Saturday, September 26, 2009

We were both doing fine... until we weren't.


As October gets closer, I can't help but think about how different September has been from what I predicted. Most of the past year has been spent with me being excited about and anticipating the arrival of September. I had planned to spend this month getting to know my son; instead I have spent the past 4 weeks working my way through grief so intense that it threatens to drown me. My son, Keller, did not survive long enough to see the arrival of his birth month. He died on the last day of August and I delivered him on September 1. Keller is not crying in has bassinette. I am not sleep-deprived and Matt and I are not arguing over diaper duty. This September has not been at all like the way I envisioned.

What confuses me the most is the fact that Keller and I were both so completely healthy... until we weren't. Keller was such an active baby. From the first time I felt him kick, not long after my 29th birthday in May, Keller never stopped playing soccer with my internal organs. During worship songs at church, he would kick and punch so furiously it was a wonder that I didn't have permanent damage. Keller's movement made him seem so... present and vibrant and ALIVE that it never occurred to me that he wouldn't survive long enough to be born. I had just assumed that he would be born healthy and that his activity level would continue into the rest of his life.

I never had reason to believe that Keller and I would not be perfectly healthy. At every prenatal appointment, Keller and I's check-ups were excellent. My blood pressure never spiked, I gained weight at the right rate, and my bloodwork was always good. I even passed the gestational diabetes screening test in spite of my consistent diet of maple bars and Pepsi. My pregnancy was not complicated at all and a lot of pregnant people were jealous about my lack of morning sickness and the fact that I only gained weight in my belly. Keller's heartbeat checks were always good and he appeared to be growing at the correct rate. With the exception of finding out that he had an enlarged kidney at his 20 week ultrasound that later corrected itself, Keller's development was uncomplicated and did not raise any red flags.

I had absolutely no problems with my pregnancy until I developed cholestasis in week 38. Cholestasis is a liver condition where salts build up in the blood and cause the skin to itch uncontrollably. In my opinion, I dealt with the itchiness like a champion until 3 days before I went into labor.

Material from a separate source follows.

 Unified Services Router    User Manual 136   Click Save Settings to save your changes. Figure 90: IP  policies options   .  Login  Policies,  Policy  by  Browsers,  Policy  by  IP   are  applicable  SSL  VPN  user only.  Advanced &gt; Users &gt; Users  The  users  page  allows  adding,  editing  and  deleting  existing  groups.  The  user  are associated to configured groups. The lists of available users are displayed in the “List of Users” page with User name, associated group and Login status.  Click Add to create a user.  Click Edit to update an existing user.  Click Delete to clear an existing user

That Friday morning, I was so itchy that I could think of nothing else. I honestly tried everything I could, including oatmeal baths, various lotions, and Benadryl to get relief. Nothing worked. I was at the end of my rope when I called my doctor's office with the slim hope that they would tell me to come in and get induced. I knew that induction was a long-shot but I felt somewhat entitled to it because I had carried my son with few complaints for 39.5 weeks and I was DONE. The nurse told me to go home, take more Benadryl, and put lotion on my skin. I was frustrated, but I did what I was told.

Looking back, I can's blame the nurse or anyone else for what happened to Keller. He and I were the pictures of good health... until we weren't anymore. We did not show signs of any major problems, so how could anyone have predicted what happened to us? My frustrating question is, How do two people who are perfectly healthy go from good to bad so fast? How did Keller go from a perfectly healthy and active baby to stillborn without me or anyone else knowing that something was wrong? How did I go from a perfectly healthy mom-to-be to being pumped full of drugs so that I would be "comfortable" as I delivered my baby who would never open his eyes? It boggles my mind and I can't seem to stop wrestling with these questions.

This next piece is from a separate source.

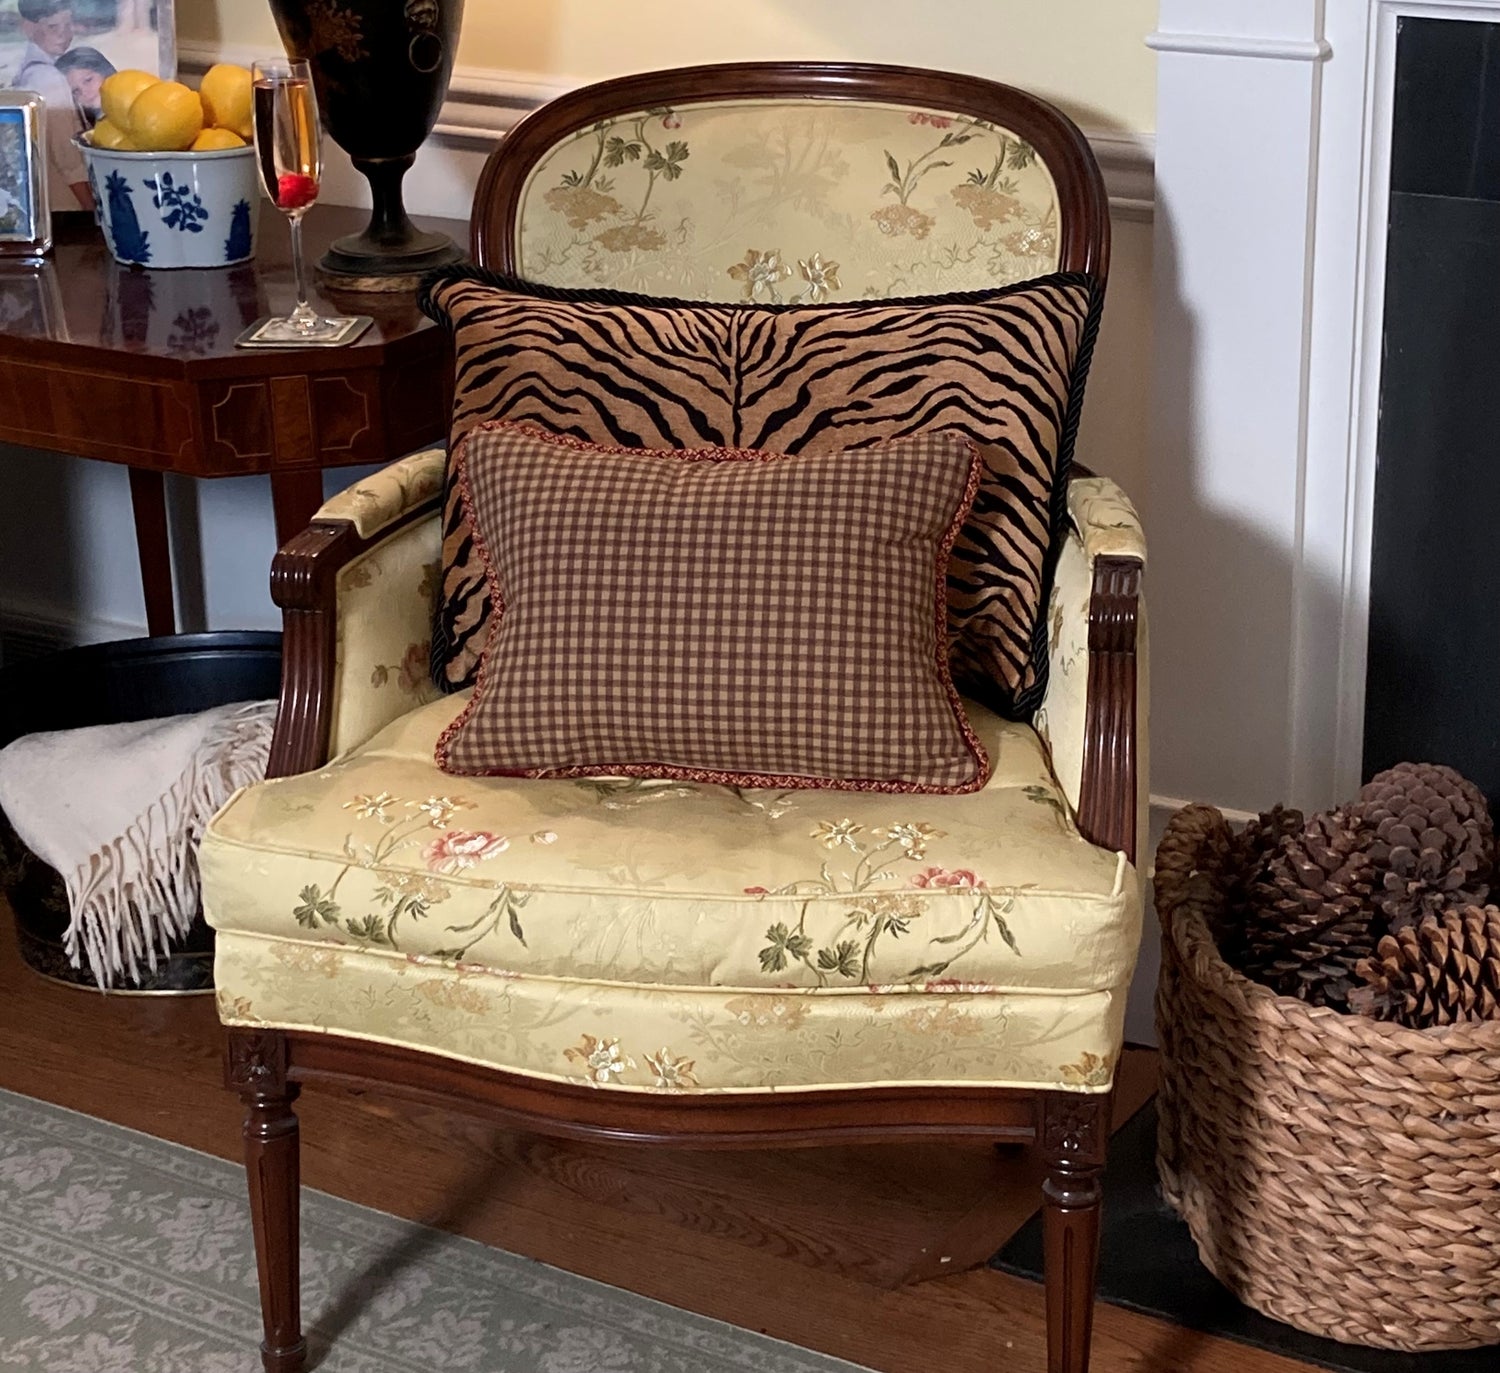 Two French Roosters Pillow Corner Toile in Mustard with Brown Gingham 12 X 16 Rectangle Designer Throw Pillow on Chair with Down Feather Insert

As I have pondered all of this, I have realized that this isn't the first time I have asked these types of questions and not found any answers. When my brother died, I asked myself, "How did Jack go from being a happy and healthy teenager to gone in such a short time?" My final memory of my brother is a good one. I was reminding him to take a pillow on his camping trip and he was laughing and happy. He was so excited about going on that trip and I could not have imagined that he would not return. He was so present and vibrant and ALIVE, just like Keller, until he wasn't anymore. I still have trouble understanding how things changed so fast and how my entire life changed in a moment. In some of my darkest hours, I feel sorry for myself because I have lost them BOTH. My mind cannot comprehend why the people I loved went from earth to Heaven with no indication that their time with me on earth was almost over.

Honestly, I think a lot of people can relate to me as I wrestle with these difficult questions. How many people have experienced times where life changes in a moment? How many people have wondered, "How did it go from good to bad so quickly?" Granted, some losses are predictable, where people appear to fade away from us slowly. Their health declines or they withdraw emotionally and eventually they are gone. More often than not, our lives change in an instant and that is the hallmark of a true crisis. In all kinds of crisis situations we ask, "How did it go from good to bad so fast?"

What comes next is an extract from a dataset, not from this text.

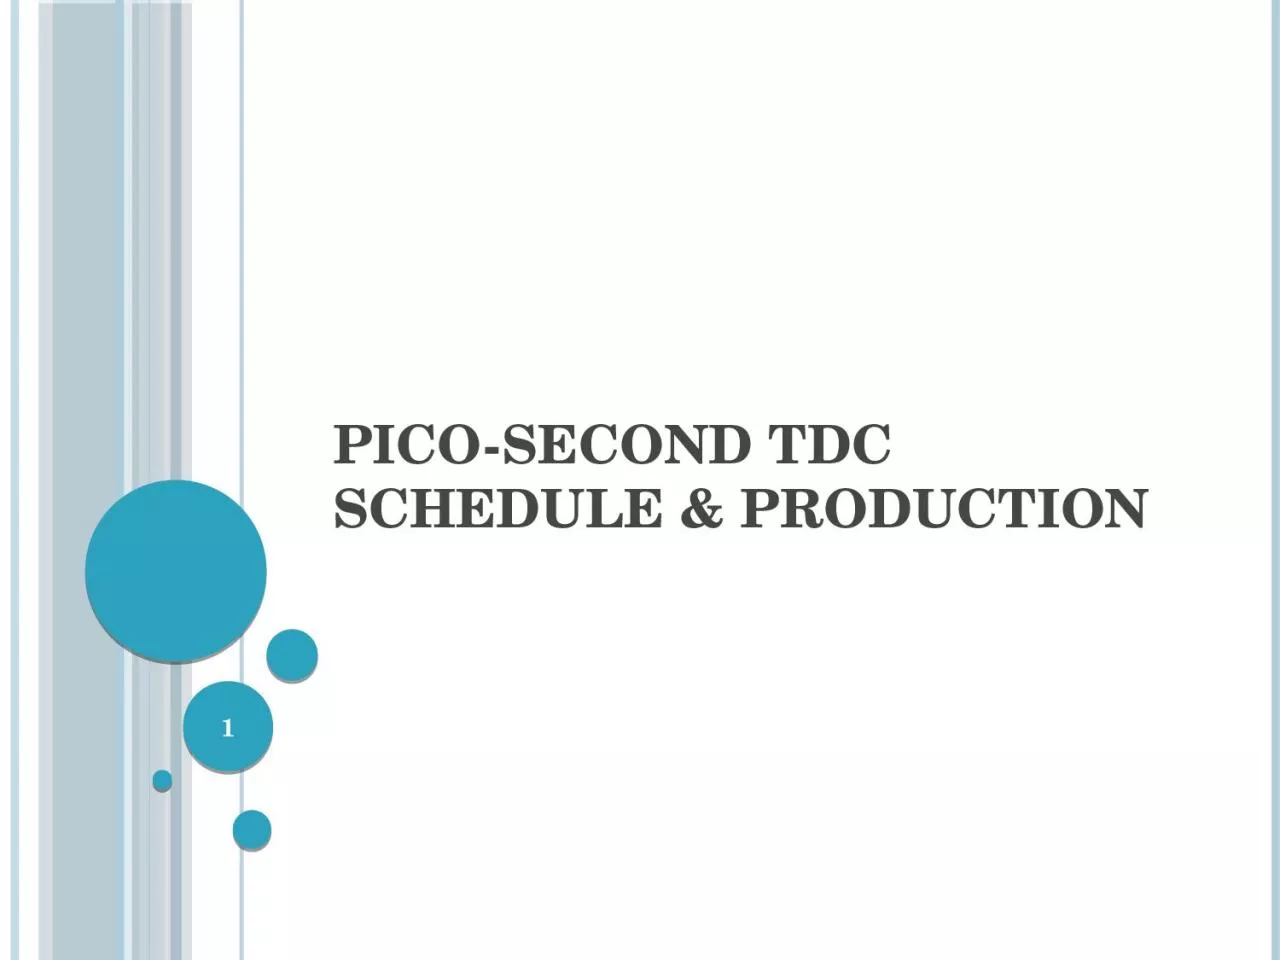 Pico-second TDC Schedule & Production

I don't know if the answers to these difficult questions will ever be found. And really, would knowing "why" actually help? Would understanding "why" bring my son and my brother back to me? I know that answers will not change the way things are, and as difficult as it is, I am charged with the task of accepting my lack of answers to these impossible questions. I am charged with moving forward with my life and allowing some questions to simply go unanswered.
We can torture ourselves with "why me?" until we have missed out on all the goodness and love that life has to offer. It's easy to get trapped in being the victim of the crisis and lose ourselves in our confusion and frustration about what has happened. At some point, we have to realize that continuing to be a victim is a choice. We can decide to be defined by our crises and unanswered questions, or we can accept that our answer may never be found until we are united with God in Heaven. We can decide to accept life's unanswered questions and move forward with a deeper appreciation for our own strength and resilience.

Right now my own strength and resilience aren't as high as I would like them to be. Keller is gone and I am still longing to hold my precious baby. Letting go of all the unanswered questions isn't going to be easy for me, but I am committed to working through my confusion and grief until I get to a point where I am strong and able to move forward. I honestly believe that living a life that is full and free from the restraints of being the "victim" is the best way that I can honor my son, my brother, and all of the people who left us way too soon.